=== Stored data ===
◇ ◇ ◇ ◇
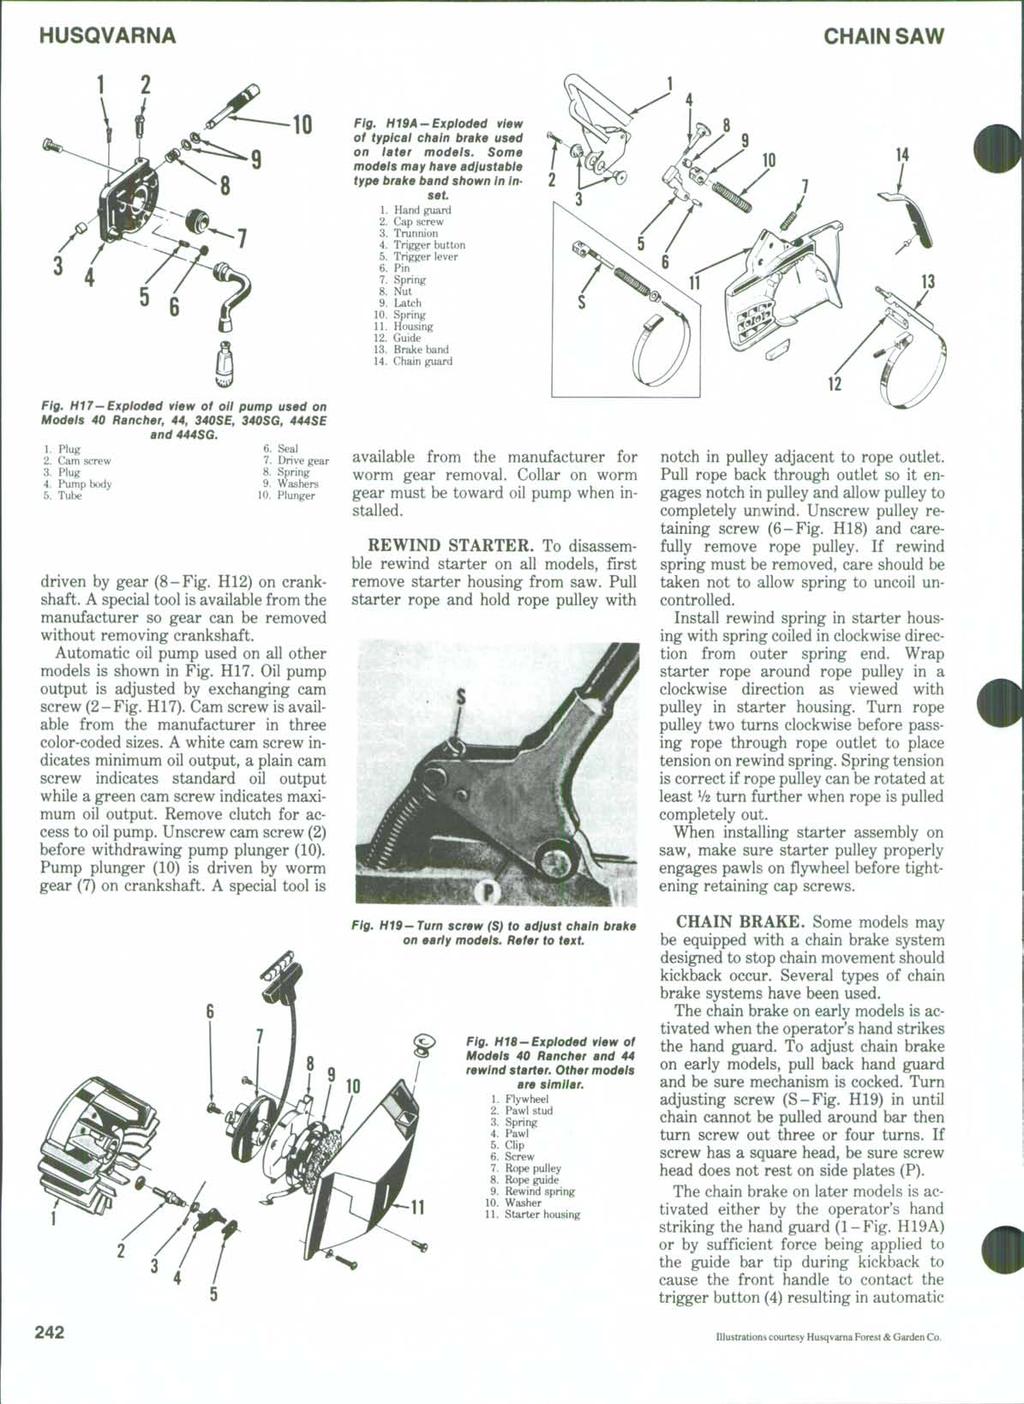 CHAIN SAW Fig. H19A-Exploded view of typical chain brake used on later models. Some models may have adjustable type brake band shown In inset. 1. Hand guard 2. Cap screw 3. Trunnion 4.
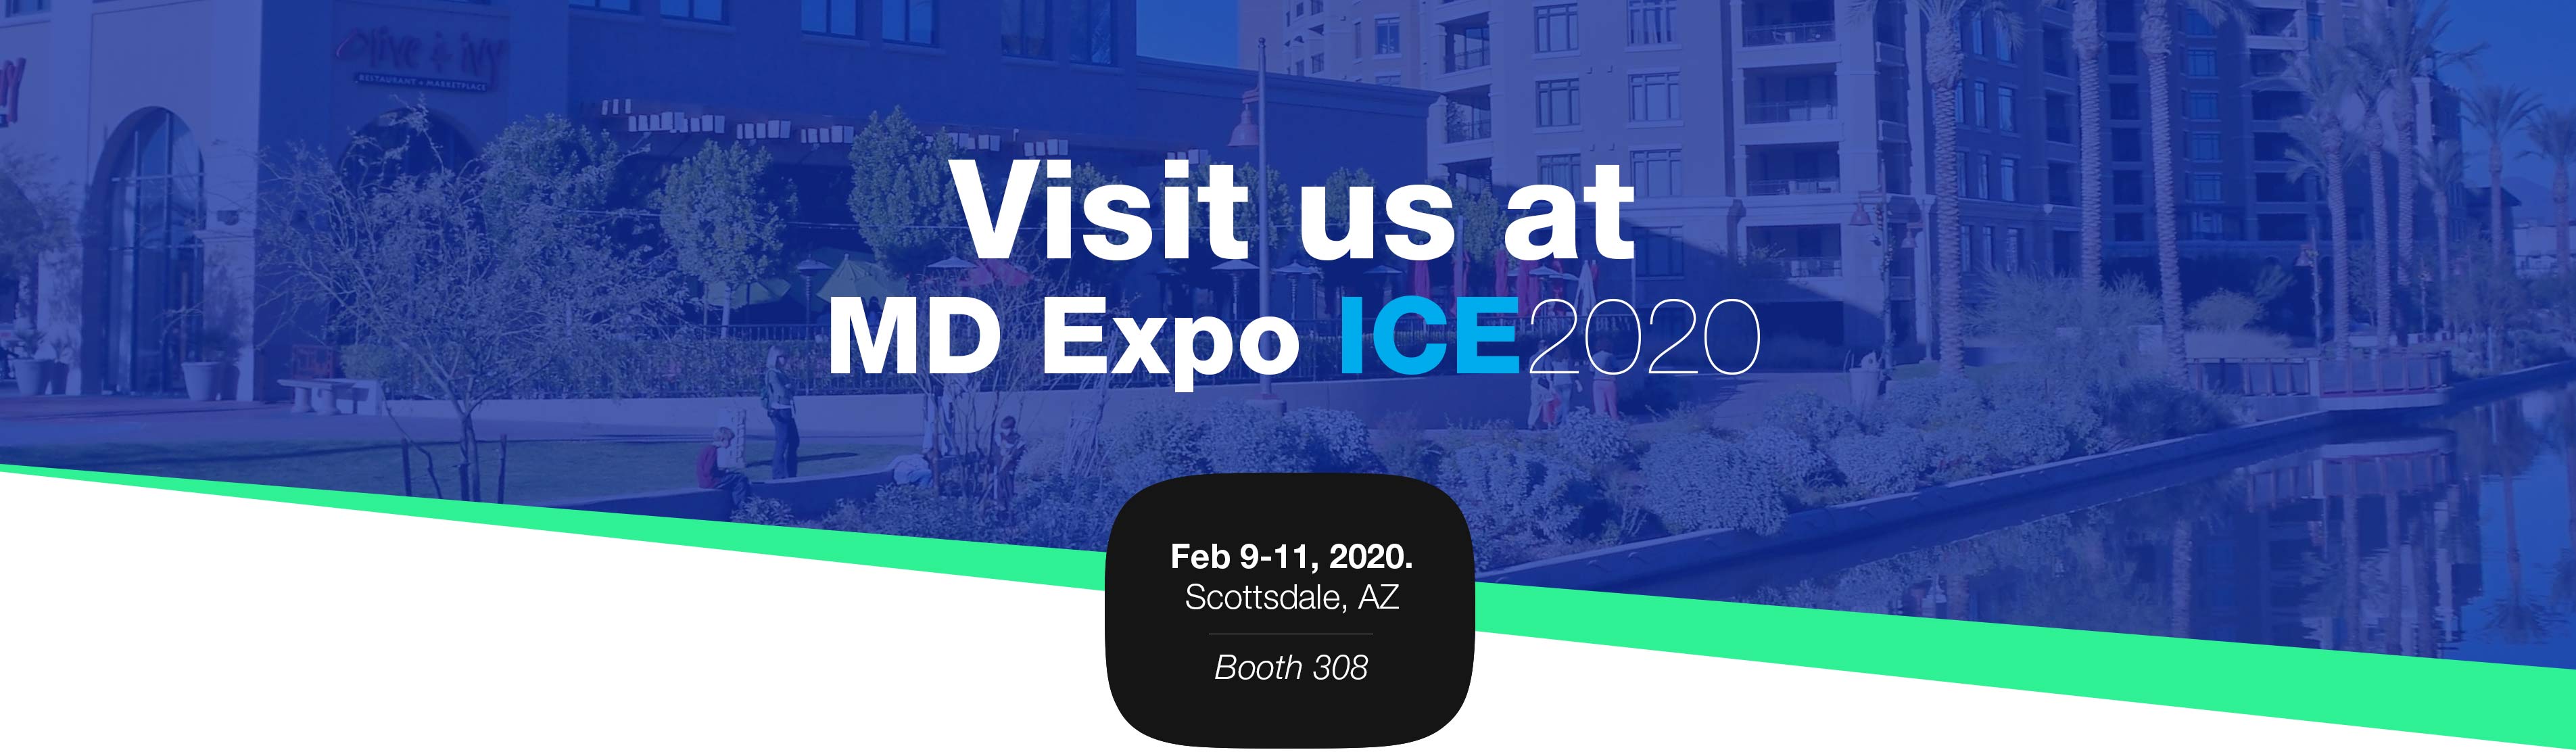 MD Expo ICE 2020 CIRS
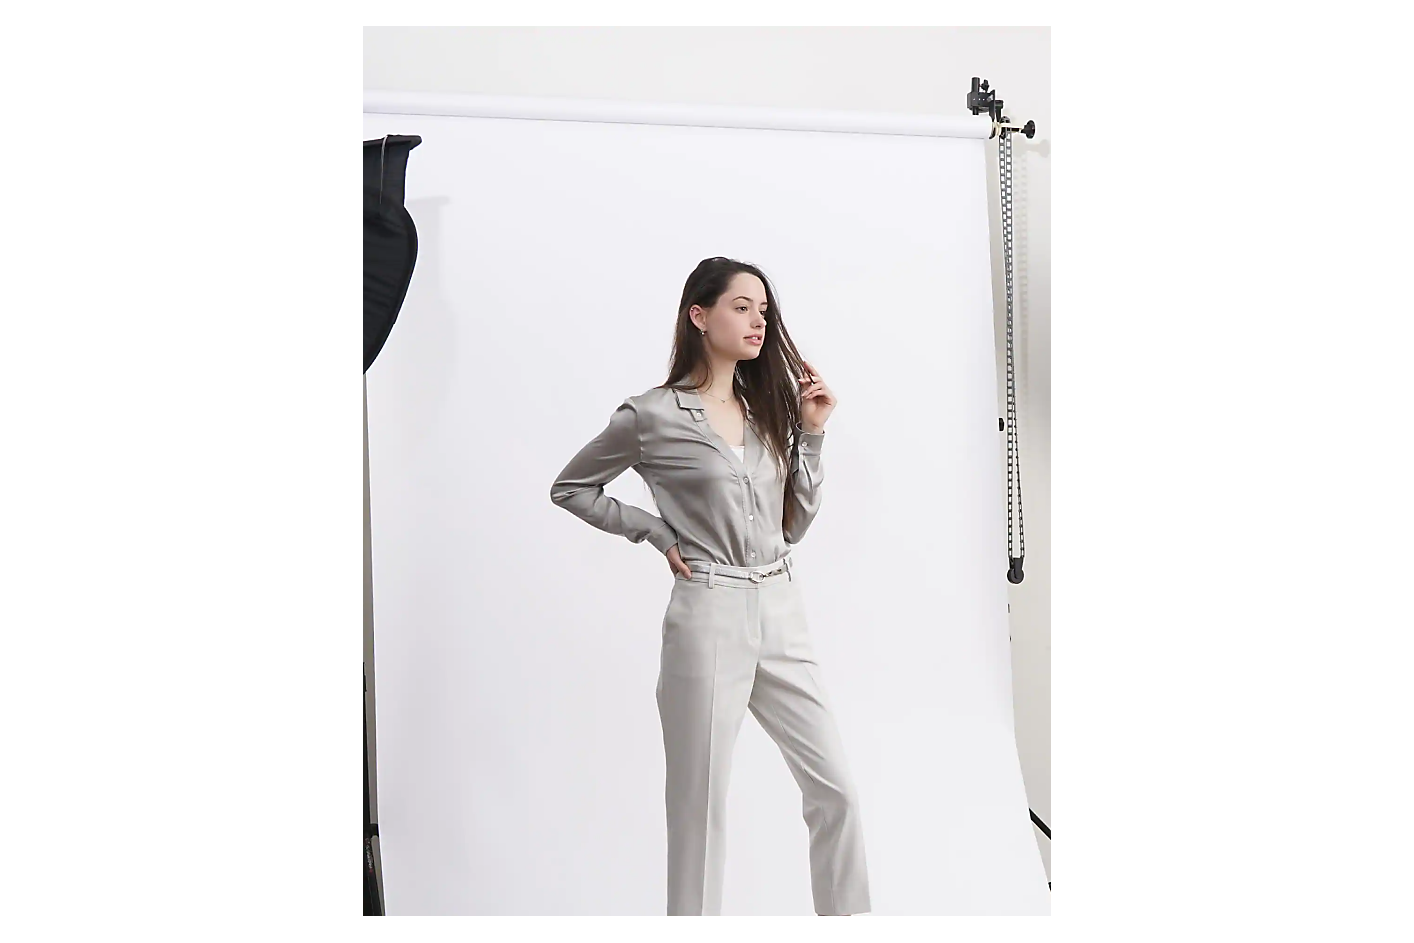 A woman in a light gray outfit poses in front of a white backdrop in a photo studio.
◇ ◇ ◇ ◇
=== Problem to work on ===
The whole listing above should be restated word for word, minus any images.

=== Response ===
 CHAIN SAW Fig. H19A-Exploded view of typical chain brake used on later models. Some models may have adjustable type brake band shown In inset. 1. Hand guard 2. Cap screw 3. Trunnion 4.
 MD Expo ICE 2020 CIRS
 A woman in a light gray outfit poses in front of a white backdrop in a photo studio.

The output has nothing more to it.